The result of the analysis will be discussed in two phases. The first phase solely focuses on the analysis of tweets mentioning the keywords Pfizer and Moderna. The second phase focuses on the analysis of all 1 million tweets related to COVID-19 vaccination.
Phase 1: Analysis of tweets related to Pfizer and Moderna Vaccines
The first phase of the analysis includes the following:
Pfizer VS Moderna Sentiment Analysis
From the analysis, we can conclude that the Pfizer vaccine 63% of the Twitter users sent out tweets with negative sentiments while 15% of the users were tweeting positive sentiments. Lastly, the remaining 21% of users expressed neither positive nor neutral sentiments and stayed neutral in their opinion.
As for the Moderna vaccine, 57% of the tweets lie in the negative category of sentiments. 23% of the tweets express positive sentiments for the vaccine and 19% of the tweets expressed neutral sentiments.
The analysis states that most of the users tweeted negative sentiments for both the vaccines. Although, tweets related to Pfizer were more negative when compared to the tweets for the Moderna vaccine.
Pfizer VS Moderna Emotion Analysis
Now that we have analyzed the sentiments related to both the vaccines, let’s dive a little deeper and analyze the emotions expressed by the users.
After analyzing the tweets, we can conclude that most tweets expressed happy (joyful) emotions (41%) for Pfizer. It was followed by fearful emotions (31.48%) as people were still concerned about the effectiveness and side effects of the vaccine. The other sentiments show similar results and can be viewed in the figure above.

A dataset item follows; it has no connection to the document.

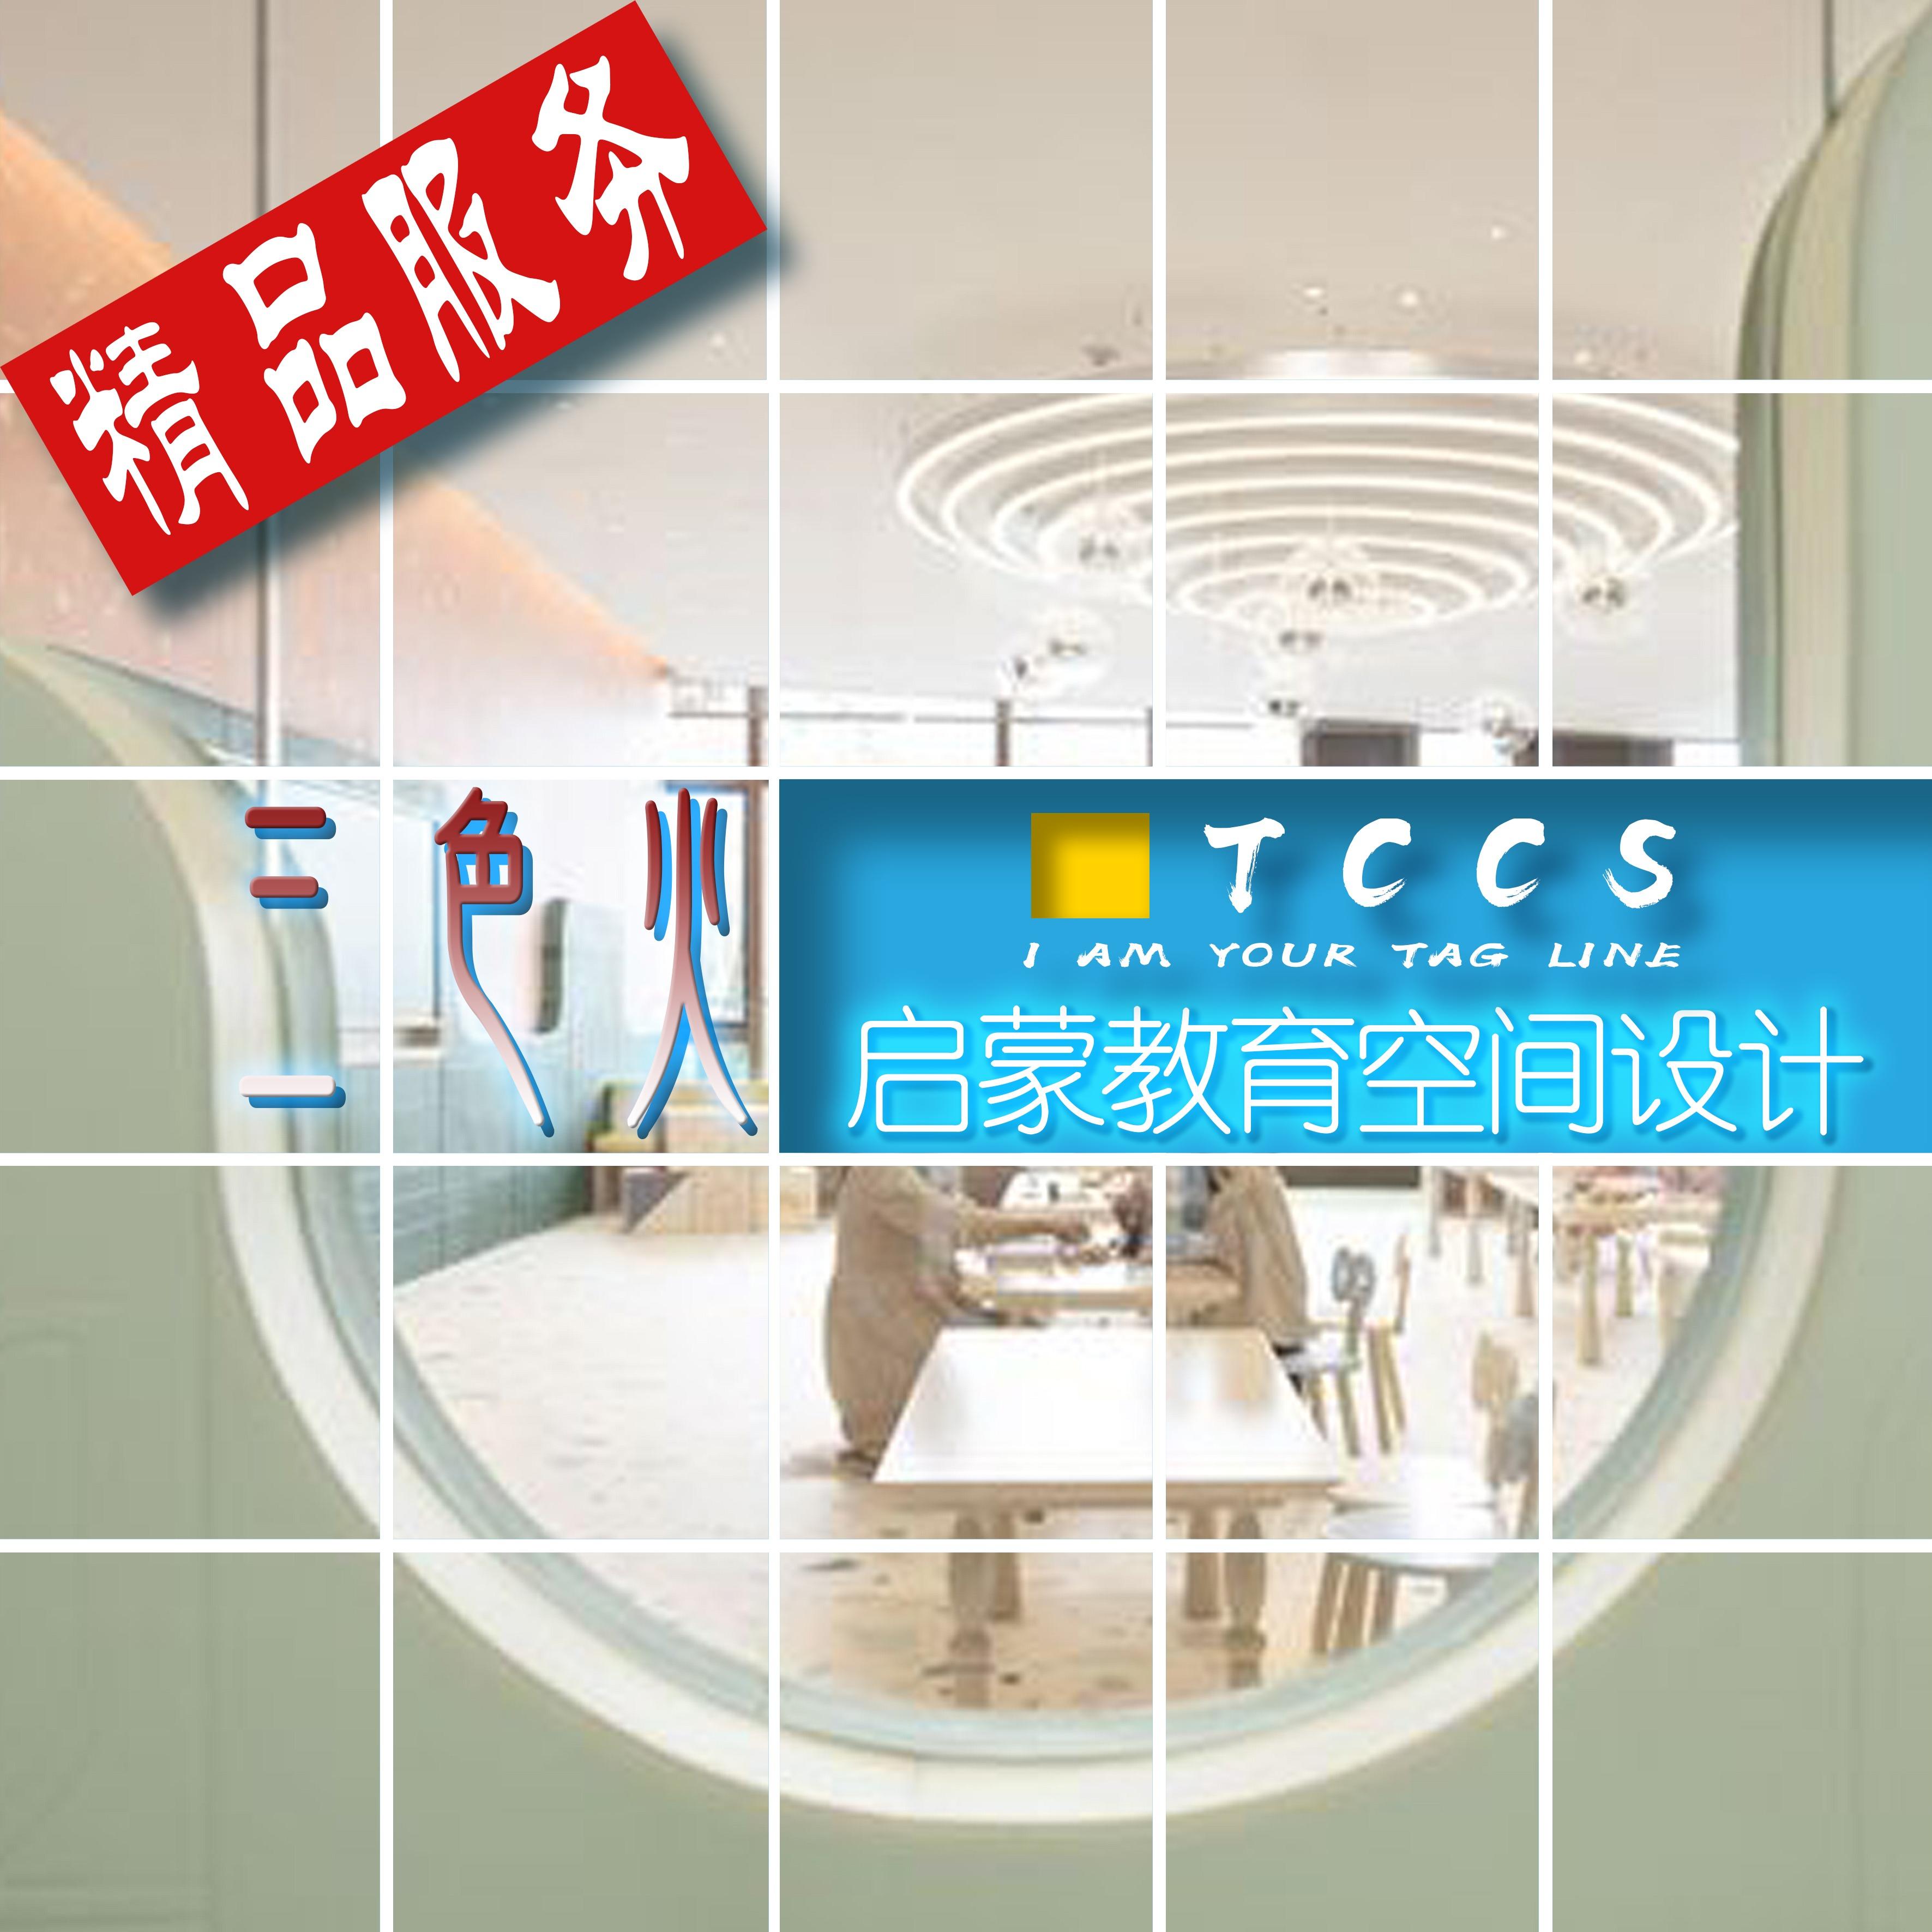 儿童启蒙教育空间设计公装设计室内设计装修设计空间设计公装服务

As for tweets related to Moderna, most tweets expressed fearful emotions (46.70%) as news related to the side effects and effectiveness of the vaccine on mutated strains were a popular topic at the time. The second dominant emotion expressed in the tweets is happiness. It comprises over 30% of the total tweets. You can check the statistics for the other emotions in the above figure.
Phase 2: Analysis of tweets related to COVID vaccination
The second phase of the analysis includes the following:
COVID vaccination tweets sentiment analysis
The most dominant sentiment expressed in the tweets is negative. Over 59% of the tweets express negative feelings about vaccination. This may be due to the identification of the side effects of various vaccines, new virus strains, and doubts about their effectiveness. As for the rest, both positive and neutral sentiments display very similar statistics.
COVID vaccination tweets emotion analysis
For emotion analysis, the most prevalent emotion expressed in the tweets is fear. Over 53% of users expressed fear in their tweets followed by happiness (23%), sadness (7.5%), anger (9%), and neutral emotion (7%). The least expressed emotion in the analyzed tweets was love (0.2%).
Most used keywords
The above word cloud includes references to the most used keywords in the tweets. Through this, we can identify the most discussed topics related to COVID vaccination.
In this particular dataset, as expected, the most discussed topics are the vaccines themselves (effectiveness, side-effects, availability, approval, etc). People also discussed vaccine research-related topics such as human trials and first dose. Apart from COVID people also discussed how COVID vaccine mRNA technology can be used to create effective HIV vaccines.
The study was conducted to analyze the overall sentiments of US citizens in relation to COVID vaccination. The study shows people expressing more positive sentiments for the Pfizer vaccine in comparison to the Moderna Vaccine. As for emotions, fear and happiness were the most prevalent kind. The most expressed emotion for the Moderna vaccine was fear. As for the Pfizer vaccine, the most expressed emotion was happiness.